By Olivia Conway
In the past several decades, researchers and physicians have made tremendous advances towards reducing the death rates of genetic disorders and cancers, but effective treatments and preventative measures for mosquito-borne illnesses have remained elusive. Amounting to 17% of all cases of infectious disease, illnesses like Zika, dengue, malaria, and chikungunya wreak havoc on tropical regions of the globe every year, and the warming climate will only expand their range. Currently, public health organizations use bed nets and chemical insecticides to protect vulnerable communities from mosquito bites, but regular insecticide treatment can be expensive, and mosquito populations have demonstrated resistance to commonly-used chemical agents.
Combined with a lack of strong healthcare infrastructure in affected areas and the absence of reliable treatments, the waning efficacy of known preventative interventions has inspired researchers to look elsewhere for a response to mosquito-borne infection. Their solution emerged from an unconventional, but ancient, idea: Using a bacteria called Wolbachia, which naturally infects insects like mosquitoes, to slow the spread of dangerous disease.

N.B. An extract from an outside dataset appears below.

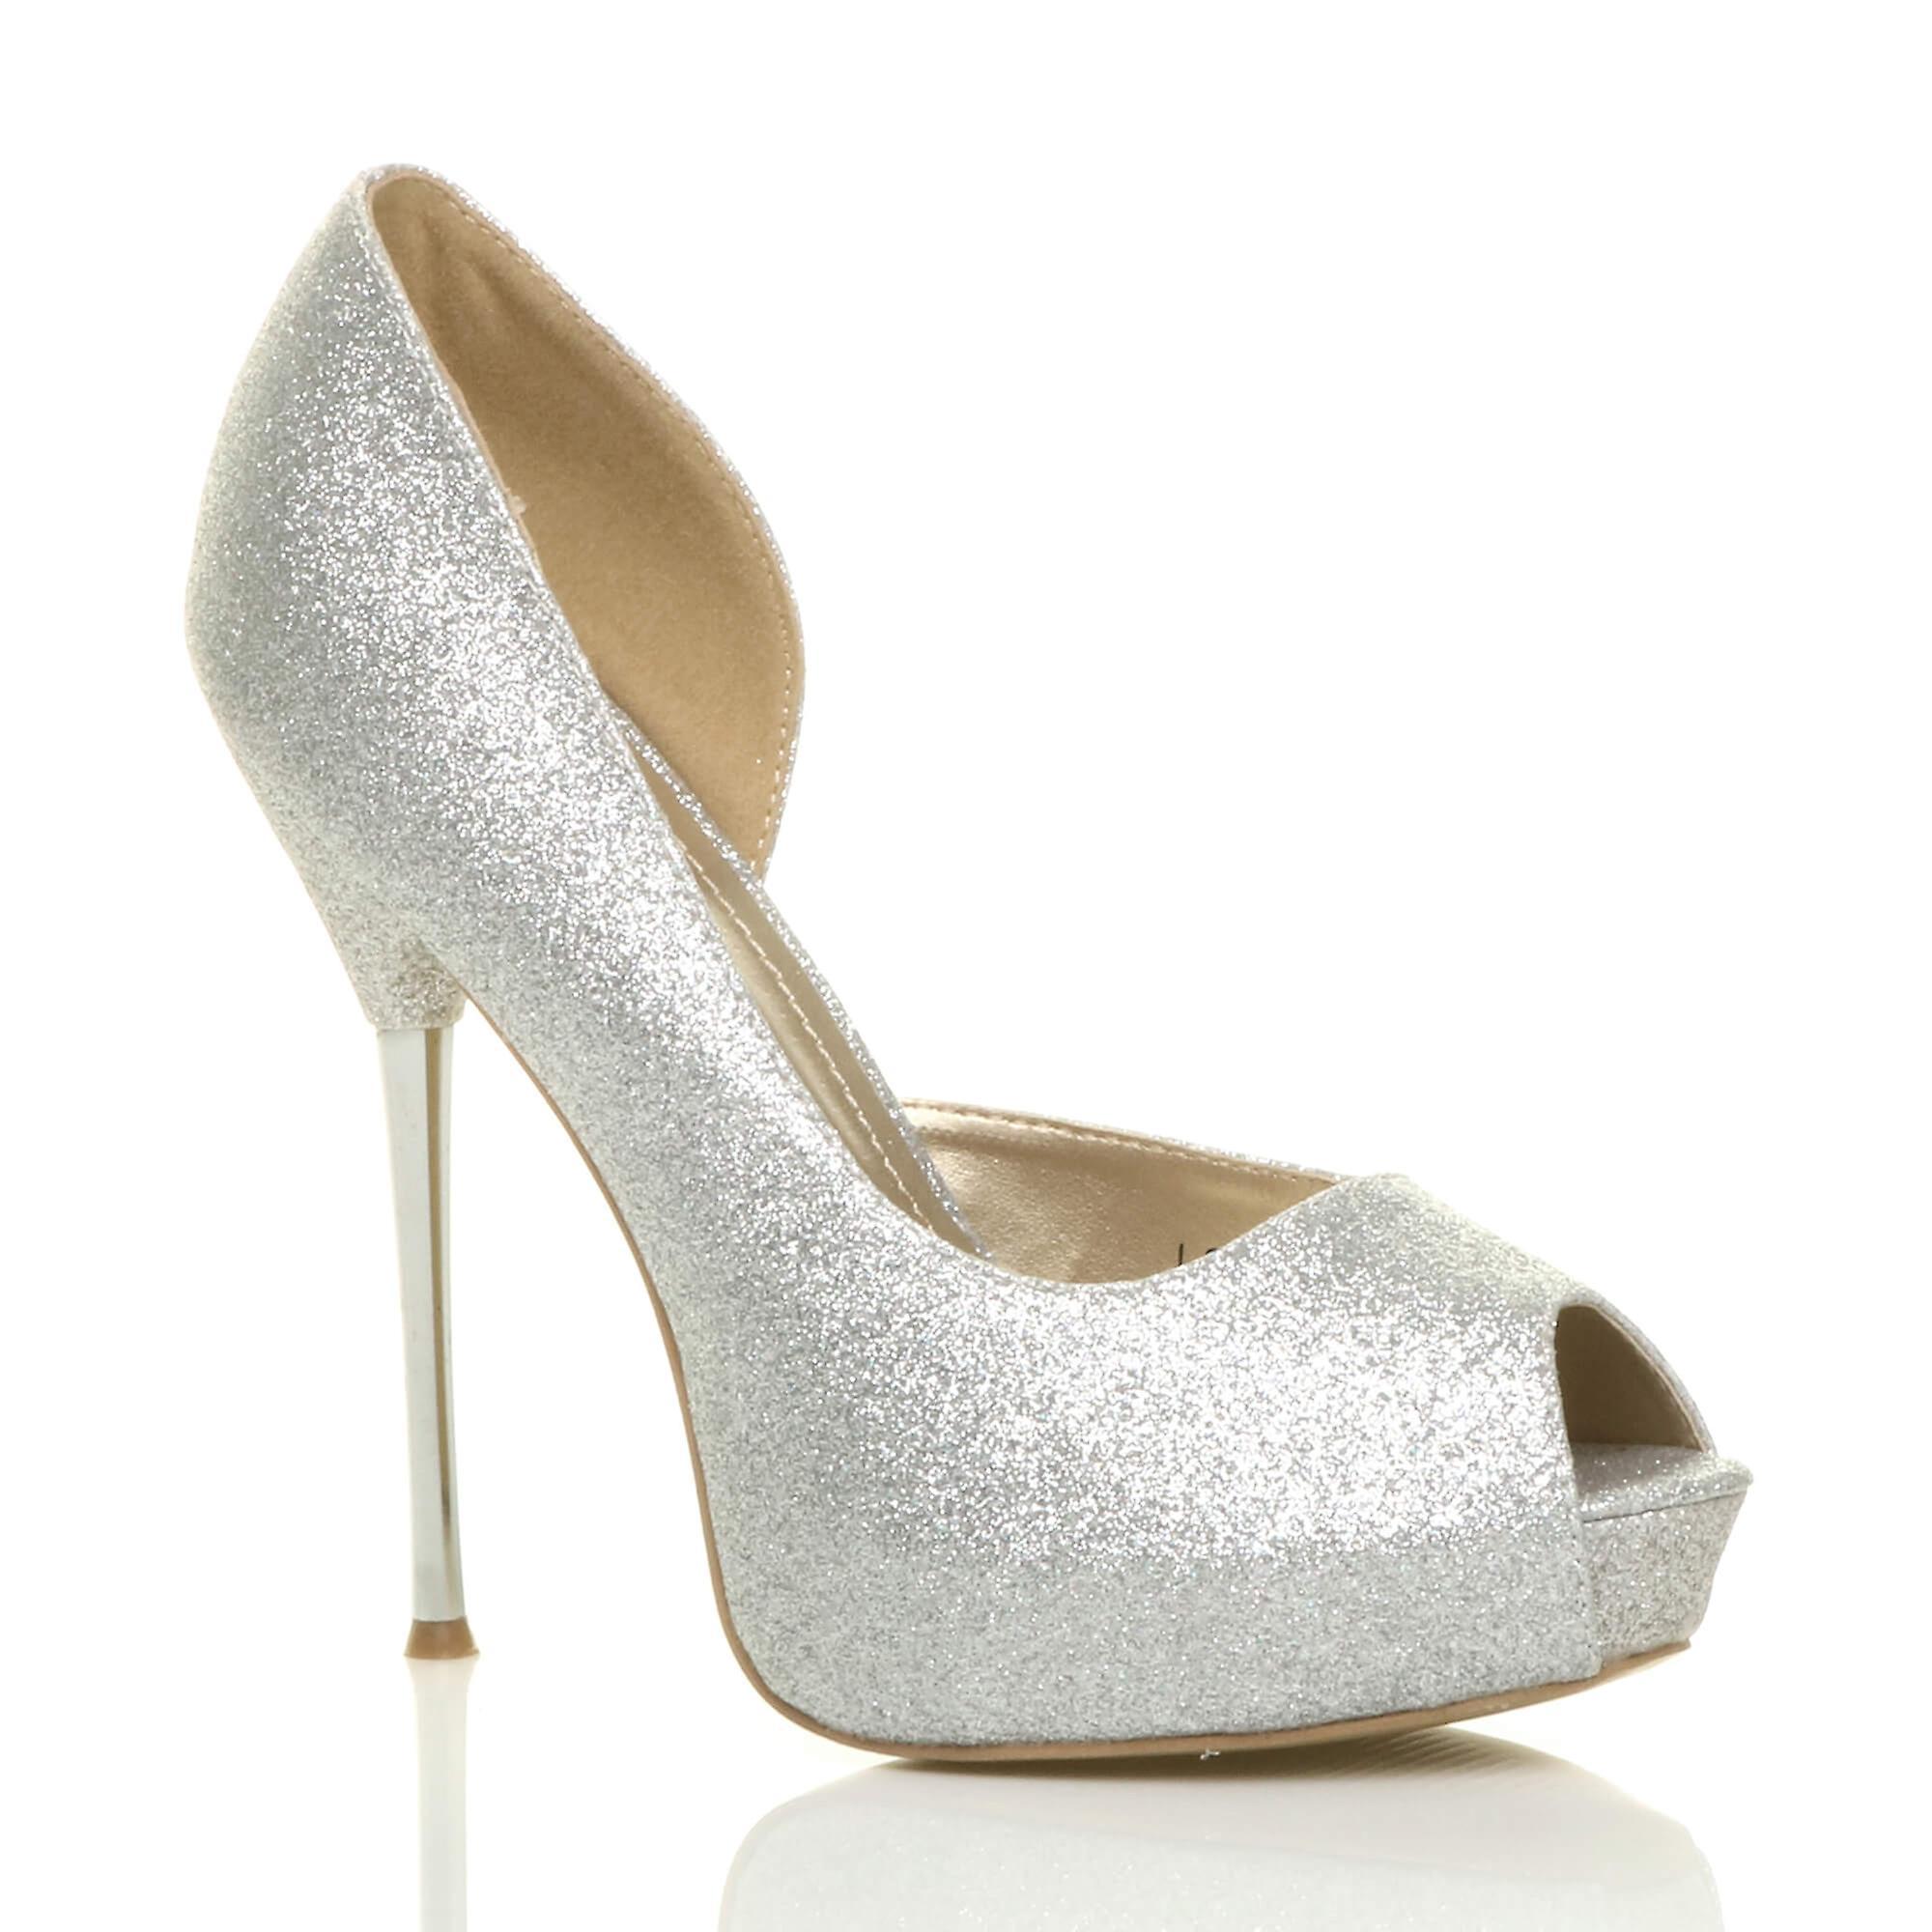 glitter pumps womens shoes party prom stiletto platform heel sandals wedding high Ajvani PCOnqRIq

Wolbachia was discovered in 1924, but research on the bacterium did not begin in earnest until the 1980s, leading to a landmark 2009 discovery that mosquitoes infected with Wolbachia transmit dengue virus less effectively than uninfected ones. Due to an evolutionary anomaly, the most dangerous species of mosquito–Aedes aegypti, which carries dengue, and members of the genus Anopheles, which carry malaria–do not naturally exhibit the strains of Wolbachia that reduce viral transmission, but scientists have been able to carefully inject the bacterium into their eggs. The specific mechanism by which Wolbachia prevents dengue infection remains unclear, but these molecular mysteries have not deterred public health researchers from launching regional trials with their artificially-infected mosquitoes.
Of course, this method of disease control can only have a meaningful effect if an overwhelming majority of global mosquito populations becomes infected with Wolbachia. The prospect of painstakingly infecting each individual mosquito with the bacterium is both daunting and impossible, but a natural quirk of Wolbachia biology has solved that problem for us. Wolbachia is maternally transmitted to new generations of mosquitoes, and a phenomenon called cytoplasmic incompatibility ensures that an infected male mosquito and an uninfected female mosquito cannot reproduce. Therefore, Wolbachia manipulates mosquito reproduction to favor offspring of infected female mosquitoes. Researchers theorize that releasing female mosquitoes infected with Wolbachia into the wild will allow the bacteria to spread naturally, gradually rendering the majority of the mosquito population unable to transmit deadly viruses.
Cytoplasmic incompatibility can help spread Wolbachia among mosquito populations. Image source.
Current evidence indicates that Wolbachia is harmless to humans, and the infected mosquitoes seem to pose a negligible threat to the environment. Since 2011, the World Mosquito Program has released A. aegypti mosquitoes infected with Wolbachia in several countries with high rates of mosquito-borne illness and tracked the incidence of human disease. It can be difficult to measure the efficacy of this intervention, but early results seem promising: In 2021, several years after the mosquitoes were released in Medellín, Colombia, data reported the lowest rates of dengue infection in two decades.
While these initial successes are exciting, implementing this program at a larger scale presents significant challenges. Infecting mosquitoes with Wolbachia and releasing them into the wild requires lab equipment, trained workers, and volunteers, and the mosquitoes’ genetic information needs to be periodically assessed after the release. Additionally, researchers acknowledge that each mosquito species may require a different strain of Wolbachia to optimize viral prevention. Even with these caveats, the potential of a novel approach to mitigating deadly disease is something to celebrate.